Privacy Policy
Last updated: 16 July 2026
1. Who we are
This website, amahi.co (the “Site”), is operated by Amahi s.r.o., a limited liability company registered in the Czech Republic under Company ID (IČO) 29494621, D-U-N-S 351703607, with its registered office at Kurzova 2222/16, Stodůlky, 155 00 Praha 5, Czech Republic (“Amahi”, “we”, “us”).
Amahi s.r.o. is the controller of the personal data described in this policy within the meaning of Regulation (EU) 2016/679 (GDPR). You can reach us at marketa@amahi.co.
2. What personal data we collect
We collect only the data you give us or that is technically necessary to run the Site:
- Contact enquiries — when you contact us through the form on the Site or by email, we receive your name, email address and the content of your message.
- Newsletter — when you subscribe to our newsletter, we receive your email address.
- Technical data — our hosting providers process standard server logs (IP address, browser type, date and time of access) as needed to deliver the Site securely and reliably.
We do not collect any special categories of personal data, and the Site is not directed at children.
3. Why we process it and on what legal basis
- Responding to your enquiry and communicating about a potential project — performance of, or steps prior to entering into, a contract (Art. 6(1)(b) GDPR) and our legitimate interest in responding to business enquiries (Art. 6(1)(f) GDPR).
- Sending the newsletter — your consent (Art. 6(1)(a) GDPR). You can withdraw it at any time via the unsubscribe link in any email or by writing to us; withdrawal does not affect processing carried out before it.
- Operating and securing the Site — our legitimate interest in keeping the Site available and safe (Art. 6(1)(f) GDPR).
- Complying with legal obligations, e.g. accounting and tax rules where our communication leads to a contract (Art. 6(1)(c) GDPR).
4. Cookies and analytics
The Site does not use analytics, advertising or other tracking cookies. Only technically necessary cookies or similar storage may be set to make the Site function correctly.
5. Who has access to your data
We do not sell or share your personal data for marketing purposes. It is accessed only by the service providers who run the Site’s infrastructure on our behalf as processors — in particular our hosting and form-processing provider (Netlify, Inc.), our content-management infrastructure (Sanity AS) and our email providers — and by public authorities where the law requires it.

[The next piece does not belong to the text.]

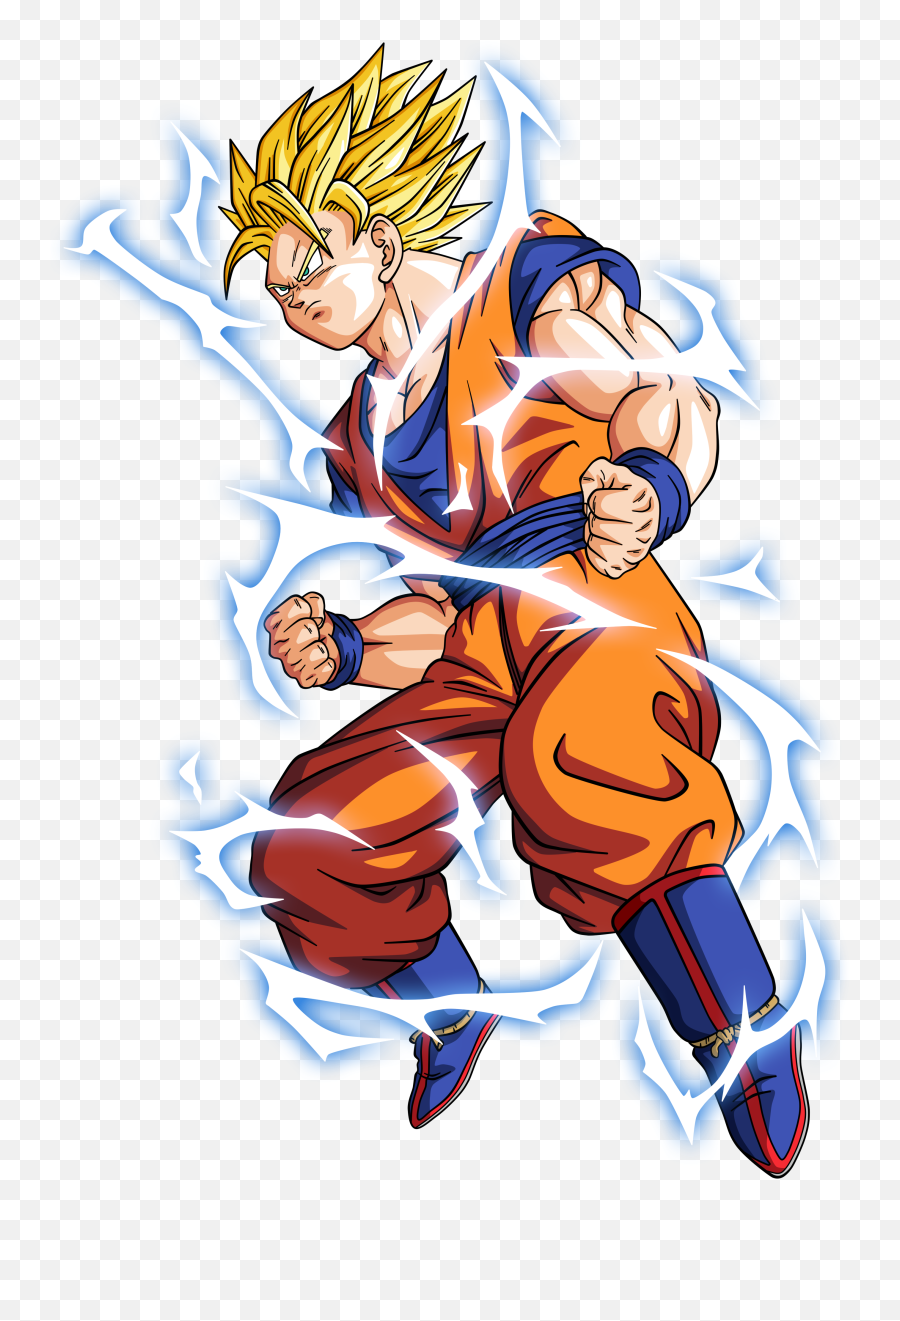 Download Hd Goku Super Saiyan 2 By Bardocksonic - D73adde Dragon Ball Goku Super Saiyan Png,Goku Transparent Background
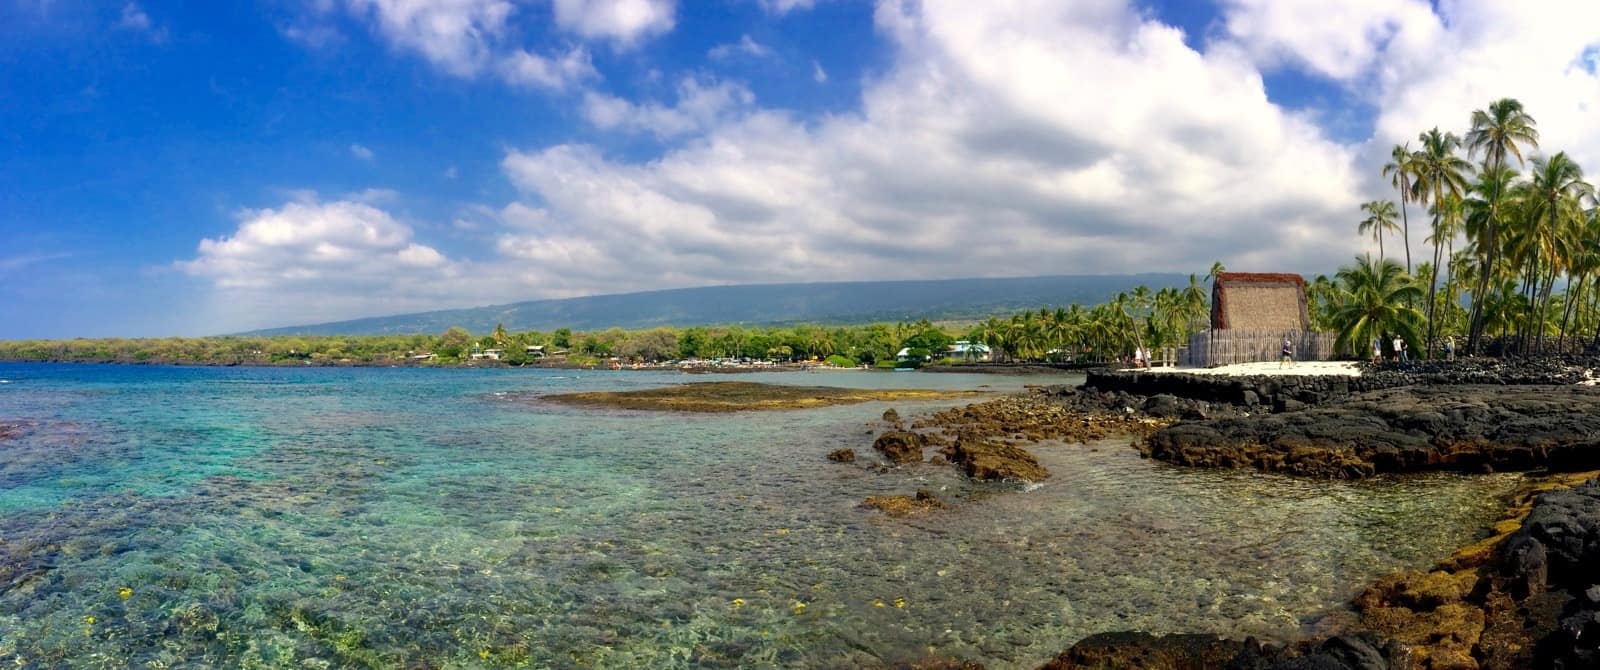 Love Big Island: Local Travel + Vacation Guide for Hawai'i island

6. International transfers
Some of our providers are based in the United States. Where personal data is transferred outside the European Economic Area, we rely on safeguards recognised by the GDPR, such as the EU–U.S. Data Privacy Framework or the European Commission’s Standard Contractual Clauses.
7. How long we keep your data
- Contact enquiries — for the duration of our communication and up to 2 years afterwards, unless the enquiry leads to a contract (in which case statutory retention periods apply).
- Newsletter — until you unsubscribe or we discontinue the newsletter.
- Server logs — for the short period set by our hosting providers for security purposes.
8. Your rights
Under the GDPR you have the right to:
- access the personal data we hold about you,
- have inaccurate data rectified,
- have your data erased,
- restrict processing,
- receive your data in a portable format,
- object to processing based on legitimate interest,
- withdraw consent at any time where processing is based on consent.
To exercise any of these rights, email us at marketa@amahi.co. You also have the right to lodge a complaint with the Czech Office for Personal Data Protection (Úřad pro ochranu osobních údajů, Pplk. Sochora 27, 170 00 Praha 7, uoou.gov.cz) or with your local supervisory authority.
9. Changes to this policy
We may update this policy from time to time, for example when we change service providers. The current version, with its effective date, will always be published on this page.